Okay, that's helpful. I guess going forward for the rest of the fiscal year, do you expect to be free cash flow positive? Or I mean, do you expect to build inventories? Or do you think they'll actually come down with the busy selling season coming up?
Well, this quarter was a very positive cash flow quarter for us, and in a large part, due to inventories and also some other working capital changes. We are looking at that to continue for the remainder of the year, that always can change if we have a dramatically different environment. But we do think that, for the entire fiscal year, that's a fair assumption in the next 2 quarters.
Okay. And I think on the prior call, you and I discussed reversing the detail valuation allowance. Given the loss this quarter, does that reversal get slowed at all? Or is the timing still in place?
Well, it's a very fair question because on the year-to-date basis, our position from a book earnings standpoint is a loss. And we evaluate that reversal based on a 3-year cumulative income position. If we have strong enough earnings in quarters 3 and 4, that's still a very reasonable event to put those to protect us as back on our books but it's also contingent upon a positive outlook for the next fiscal year. So it's going to be a pretty significant evaluation to occur in our fourth fiscal quarter to ensure that we have the evidence that would support putting those back on our books.
All right, I would agree with you there. And, Randy, it sounded like last quarter you wanted to be at the point to announce a deal really soon and haven't seen any announcement. Can you comment on your pipeline?
Can you repeat that, I'm sorry?
Last quarter, it sounded like you were on a verge of being ready to announce a deal but you weren't quite ready. Can you just comment on your pipeline?
Yes, we've been working on a startup opportunity for some time that I was hopeful at the time we were going to decide on that to move forward. And we just -- we haven't made that decision yet. We're still considering that. We just aren't sure that it's the right fit, and we need to do some more work on that. So that's something we need to enter in very carefully. And we have some more work to do on it. I don't think we'll probably have that announcement ready even yet or if we'll even proceed with that. We just have to do more work on it. Along with that, we do continue to look at several joint venture and acquisition opportunities. So we're looking for opportunities, but it needs to be the right fit. It needs to make sense. We don't want to rush in but...
Is the hesitation purely because of strategic bid or because of macroeconomic variables?
And the next question comes from the line of Barry Vogel, Barry Vogel & Associates.
I have a couple of questions for Sarah first. Actually, I'll start with Randy. If we look at your dealer inventories for Motor Homes, it's essentially been flat for 9 straight quarters through the second quarter that you just announced. Do you see any signs whatsoever of change in this trend going forward?

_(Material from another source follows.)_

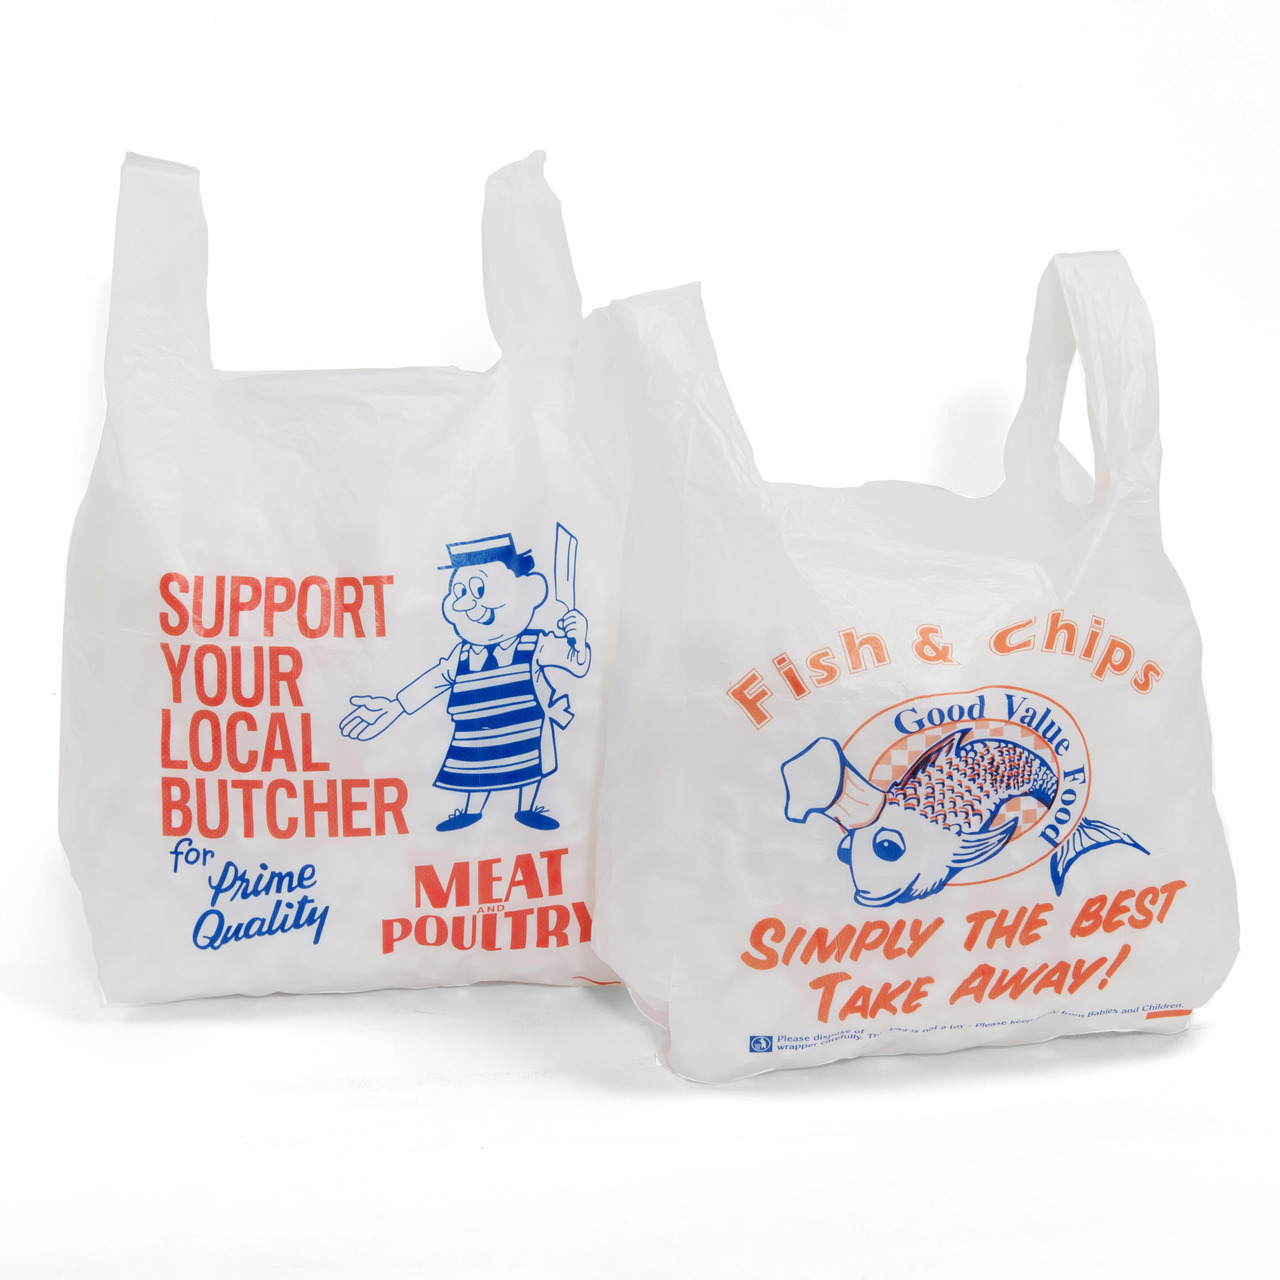 Fish and Chip Vest Carrier Bags - Your one-stop packaging shop

Well, I think that's going to be driven by the market, Barry. Dealers are looking for a certain turn rate that fits their business model. And I think based on the dealer inventories that we currently see, it's probably where it should be based on the size of the market. So naturally, when the business picks up, I would expect to see them docking more product in response. I think it's as simple as that.
I want to say that, I think there's an overall sense of conservatism. And there's definitely been discussion on our dealers losing out on opportunities because they are so conservative on their stocking levels. And that's a big shift and a leap of faith. And so I think that is going to be a continued focus point on a perspective basis. But we don't want to have our dealers overstocked and have to help incent at the retail level. But they have to have the right amount of product to have it on their lot for the customers to look at than when they're on site.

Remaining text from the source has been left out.